Des milliers d’Iraniens ont marqué hier, en scandant « Mort à l’Amérique », le 33e anniversaire de la prise de l’ambassade des États-Unis à Téhéran par des étudiants islamistes. Pour cette manifestation annuelle organisée par les autorités devant ce qu’elles appellent « le nid des espions », les participants ont aussi brandi des pancartes proclamant « Mort à Israël » ou « Mort à la Grande-Bretagne » et brûlé des drapeaux américains et israéliens.

Des manifestants brûlent un drapeau israélien devant l’ambassade américaine de Téhéran.
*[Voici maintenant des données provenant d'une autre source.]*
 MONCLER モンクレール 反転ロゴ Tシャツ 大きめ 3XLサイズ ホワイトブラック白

Atta Kenare/AFP

« Nous avons mis en place une récompense de 10 kilos d’or, les chercheurs et les historiens ont 10 ans pour prouver qu’il existe au monde un pays plus criminel que les États-Unis », a lancé Mohammad Reza Naqdi, commandant de la milice de volontaires Basij, lors du rassemblement.
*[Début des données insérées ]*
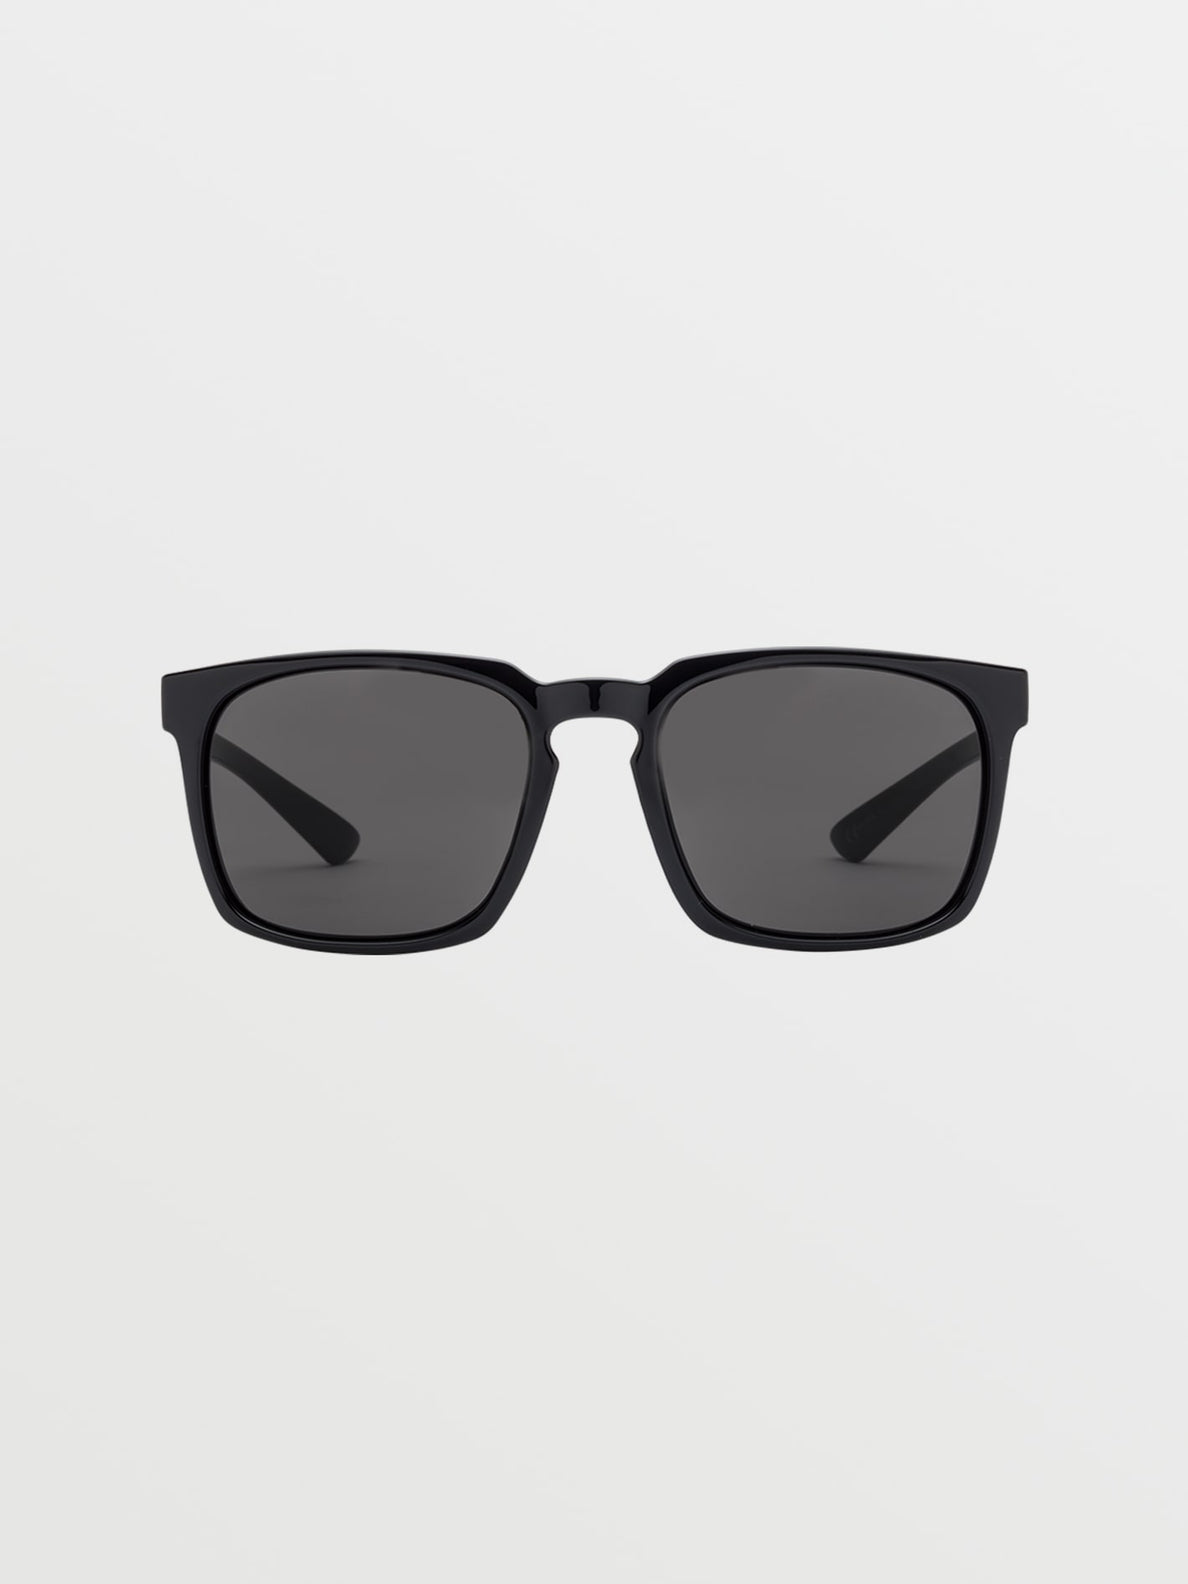 Alive Sunglasses - Gloss Black / Grey

Cet anniversaire intervient dans les derniers jours de la campagne présidentielle américaine, pendant laquelle le programme nucléaire iranien a occupé une place importante dans les questions de politique étrangère. Estimant malgré les démentis de Téhéran que ce programme dissimule un volet militaire, les Occidentaux ont mis en place des sanctions économiques pour pousser l’Iran à y renoncer. « La nation iranienne a choisi sa voie et va contourner les sanctions en adoptant l’économie de résistance », a affirmé M. Naqdi, en référence aux mesures défendues par l’ayatollah Ali Khameini pour faire face aux sanctions.

Après avoir longtemps nié l’impact des sanctions, les dirigeants iraniens commencent à reconnaître l’ampleur des dégâts, dénonçant une « guerre économique » contre le pays. « Ceux qui disent que les compromis avec les États-Unis vont améliorer la situation économique (devraient savoir que) c’est un grand mensonge et une illusion », a insisté M. Naqdi.
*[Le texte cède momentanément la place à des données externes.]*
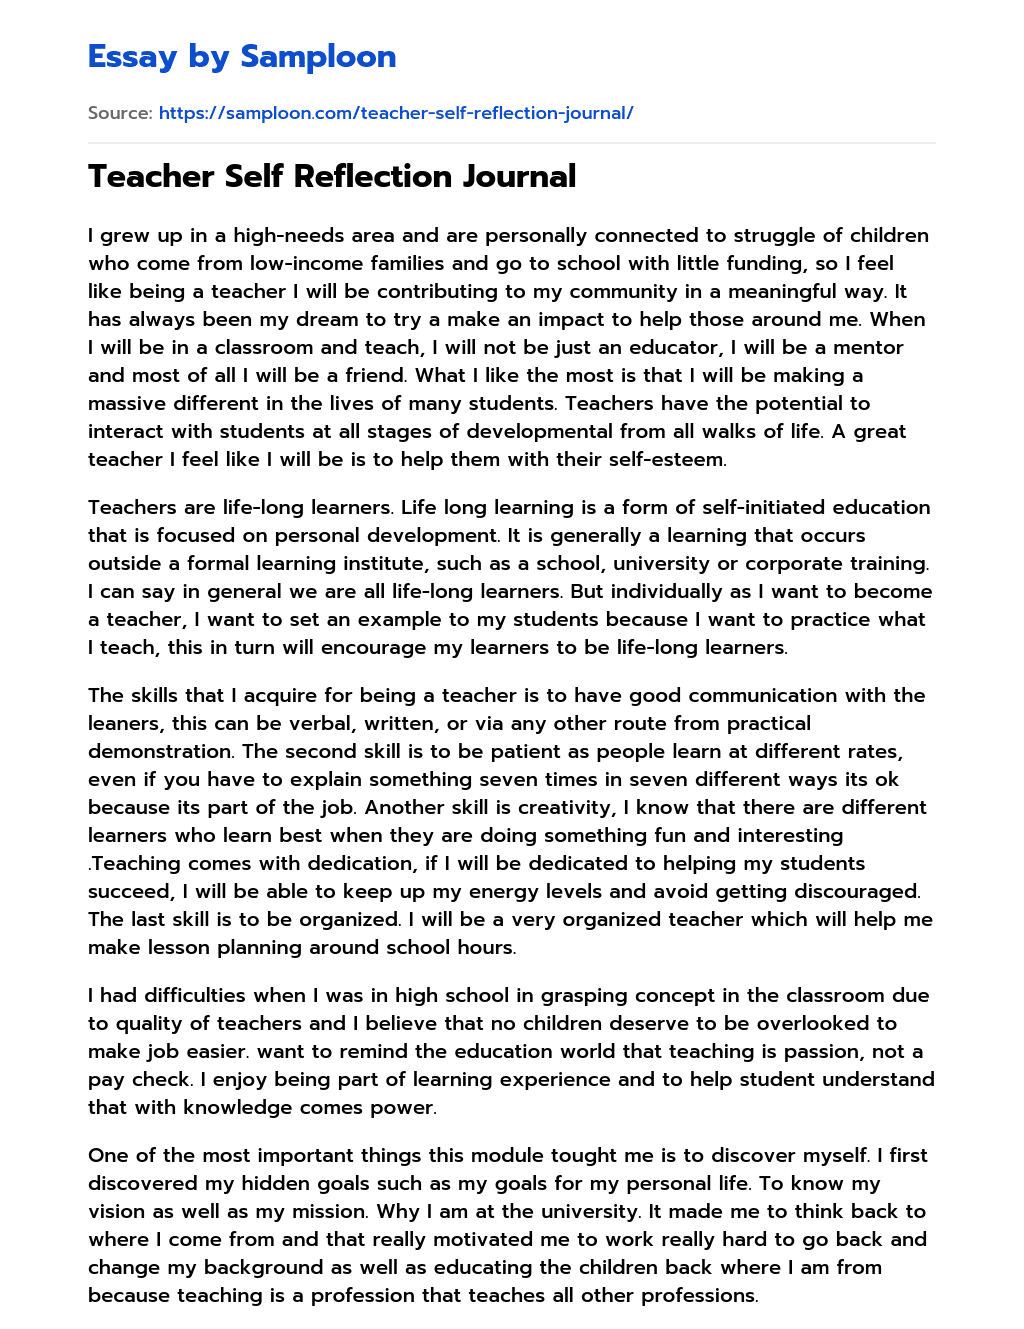 Teacher Self Reflection Journal essay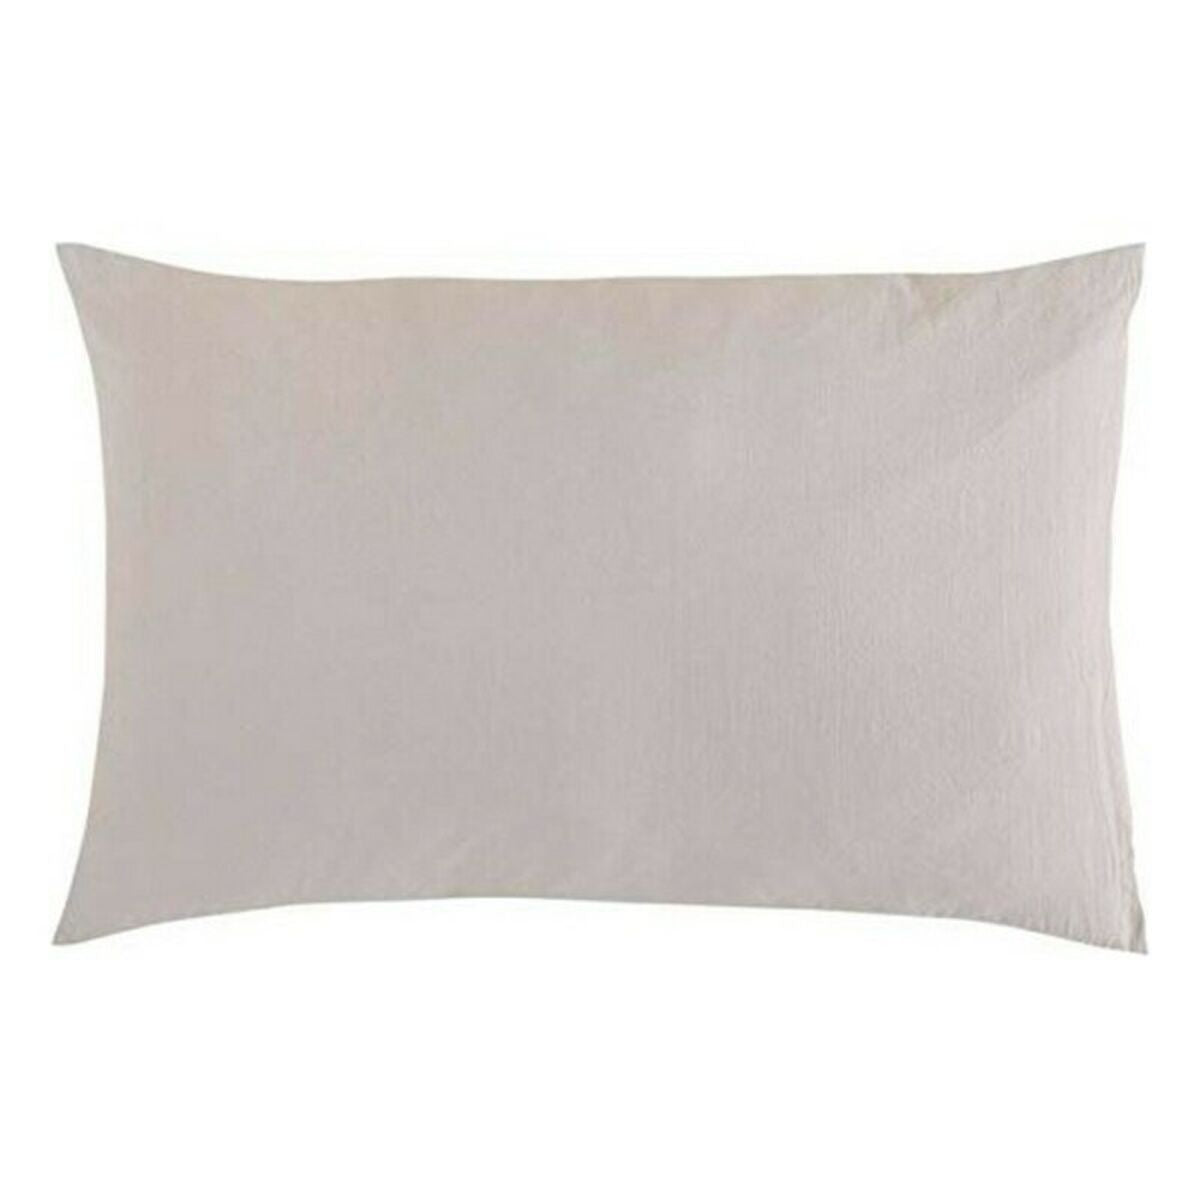 Pillowcase Naturals Beige

Le 4 novembre 1979, quelques mois après la révolution islamique qui a renversé le chah Mohammad Reza Pahlavi soutenu par les Américains, des étudiants ont envahi l’ambassade américaine à Téhéran et pris en otages 52 diplomates qui n’ont été libérés qu’après 444 jours. La crise a provoqué la rupture des relations diplomatiques entre les États-Unis et l’Iran, et l’ancienne ambassade, couverte de fresques antiaméricaines, sert désormais de centre de formation pour les gardiens de la révolution, l’armée d’élite du régime islamique iranien.

Cette année, l’Iran commémore l’événement en avance selon le calendrier persique parce que la date anniversaire coïncide avec une fête religieuse chiite.